Hadrian dangled from the rope Royce had anchored the moment his partner landed. Hadrian groaned in pain while wiping blood from his face.

“See?” Royce shouted in his ear. “That went
much
better than last time!”

They continued scaling upward, working within the relative shelter of the vertical three-sided chimneys. They were too high now for Hadrian to see anything except the tiny lights of the port city. Everything else below was darkness. They rested for a time in the semi-sheltered niche and then climbed upward again.

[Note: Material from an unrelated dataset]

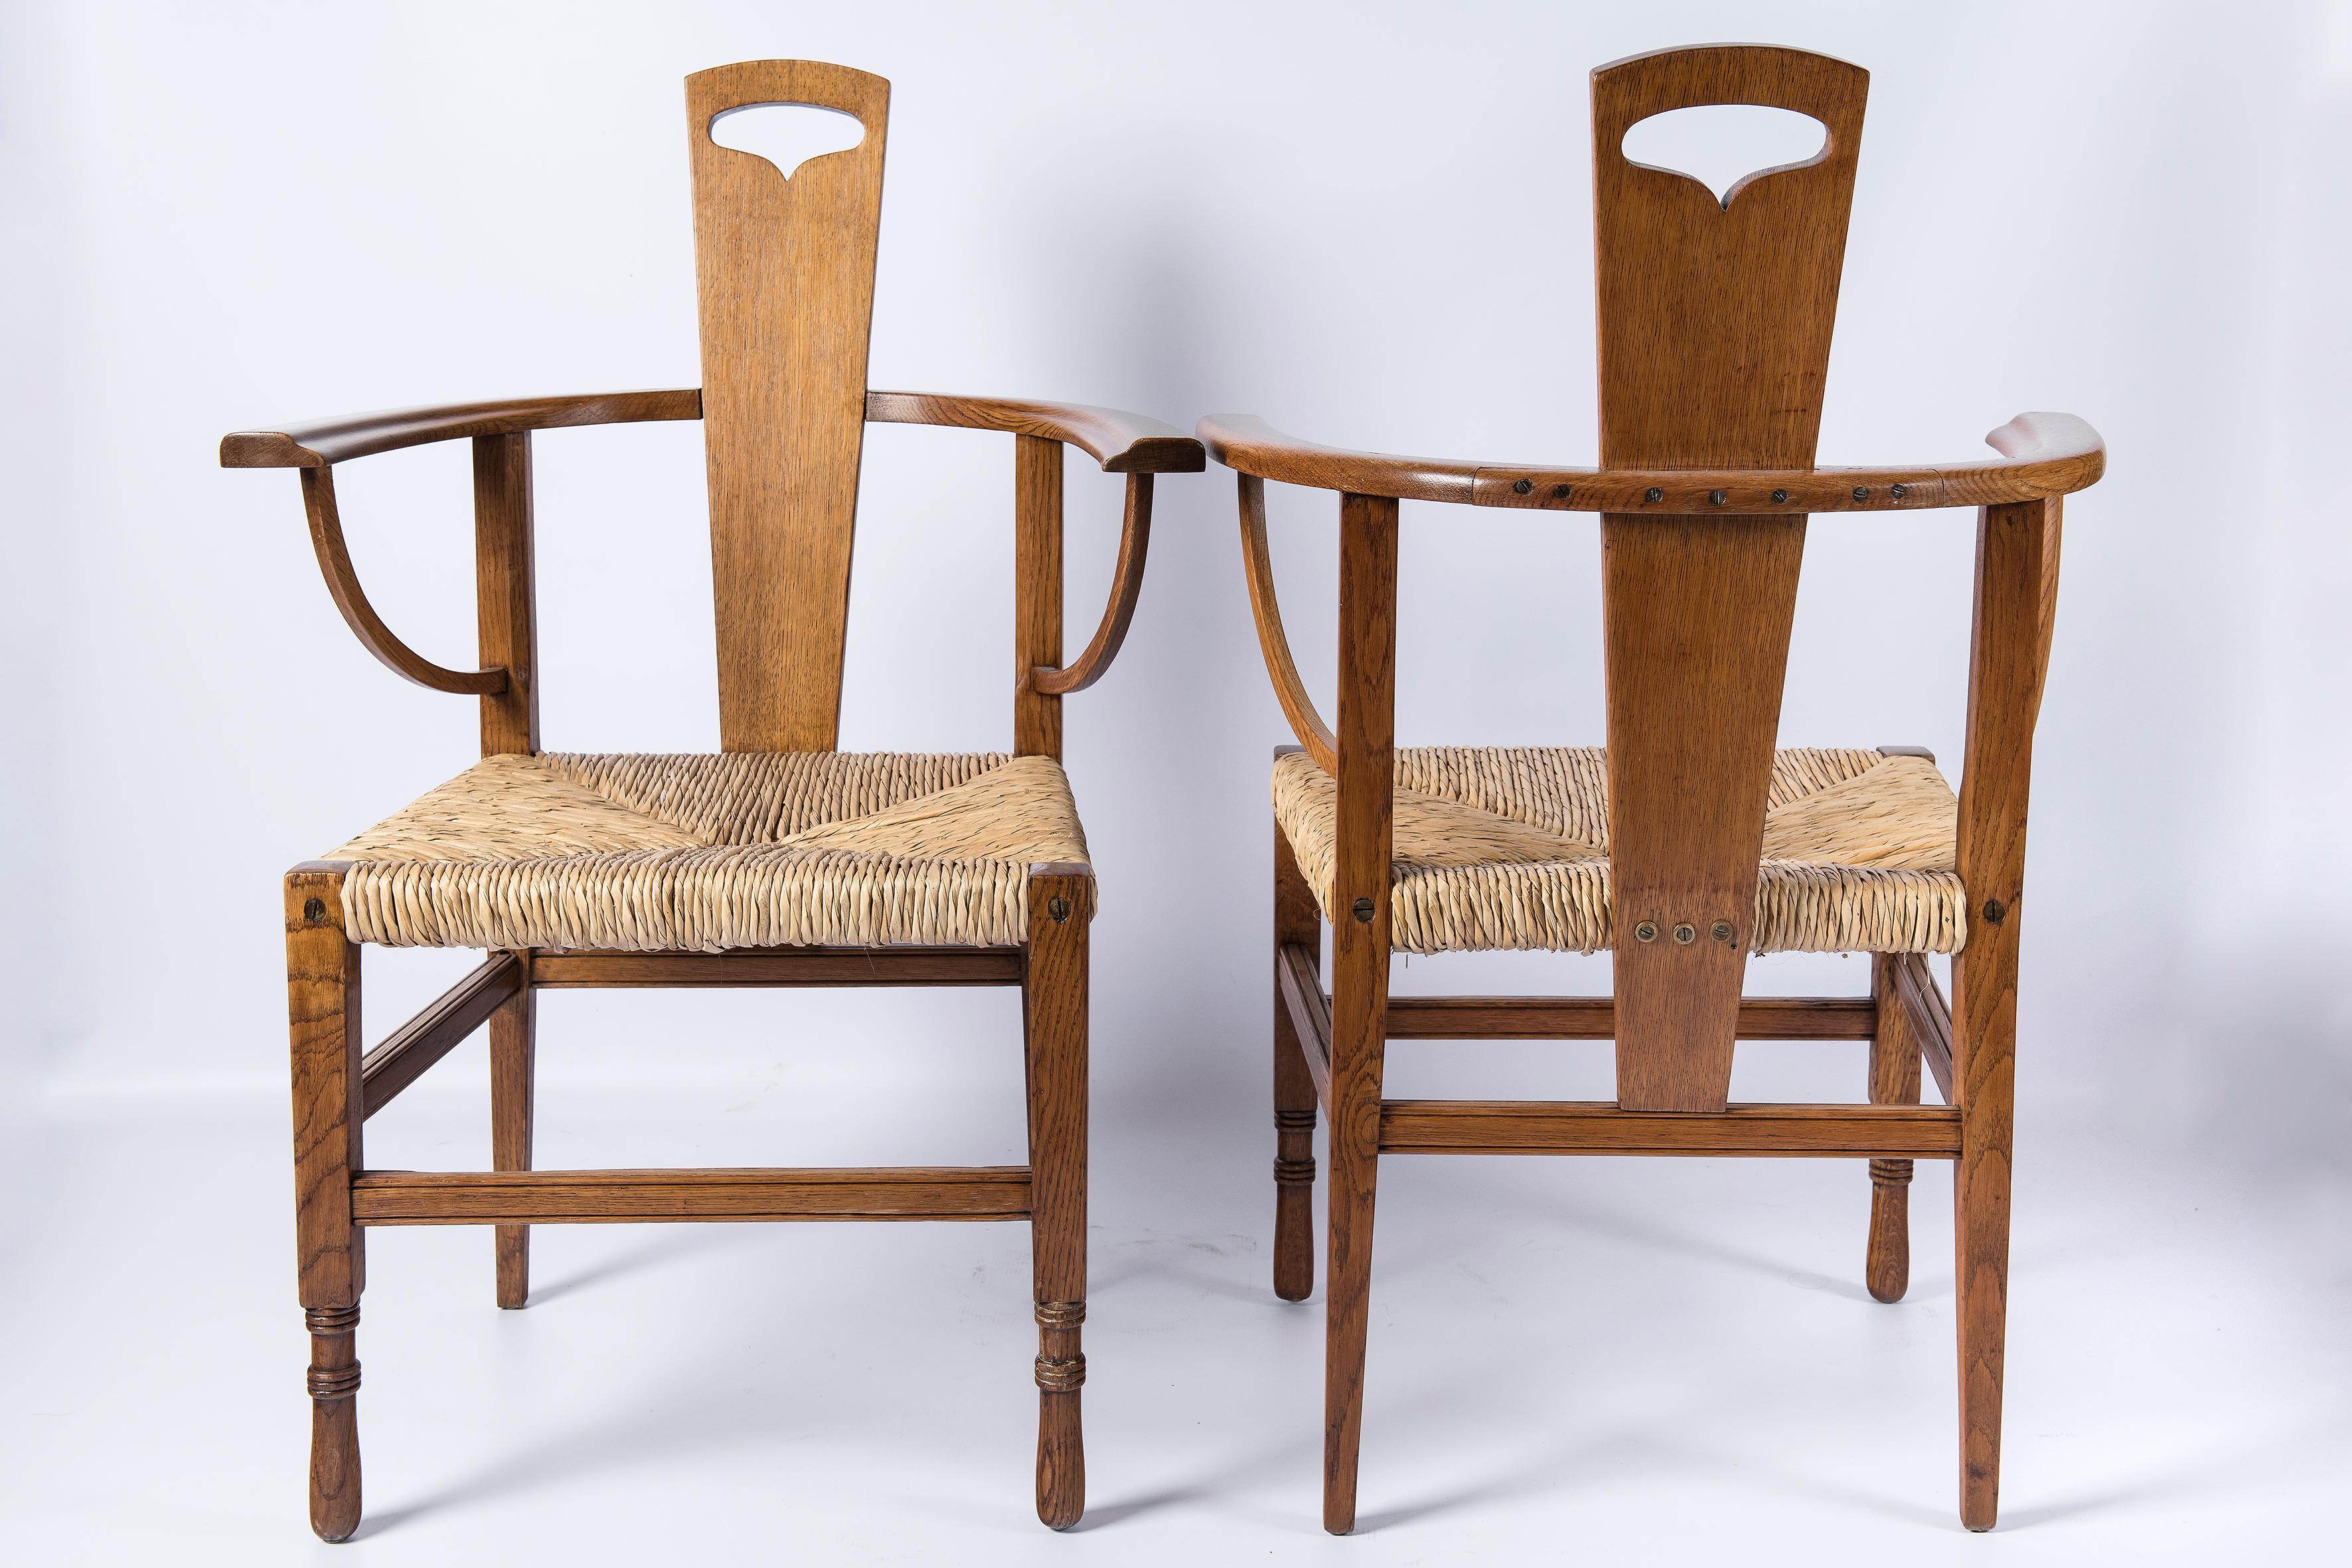 Pair of oak and rush armchairs. Attributed to George Henry Walton. Scotland, circa 1890. Glasgow school period.

Higher and higher, Royce led the way. Hadrian’s hands were sore from gripping the rope and burned from the few times he had slipped. His legs, exhausted and weak, quivered dangerously. The wind was brutal. Gusting in an eddy caused by the chimney they followed, it pushed outward like an invisible hand trying to knock them off. The sun came up and
Hadrian was nearing the end of his endurance when they finally reached the bridge. They were slightly more than two-thirds of the way, but thankfully they did not need to reach the top.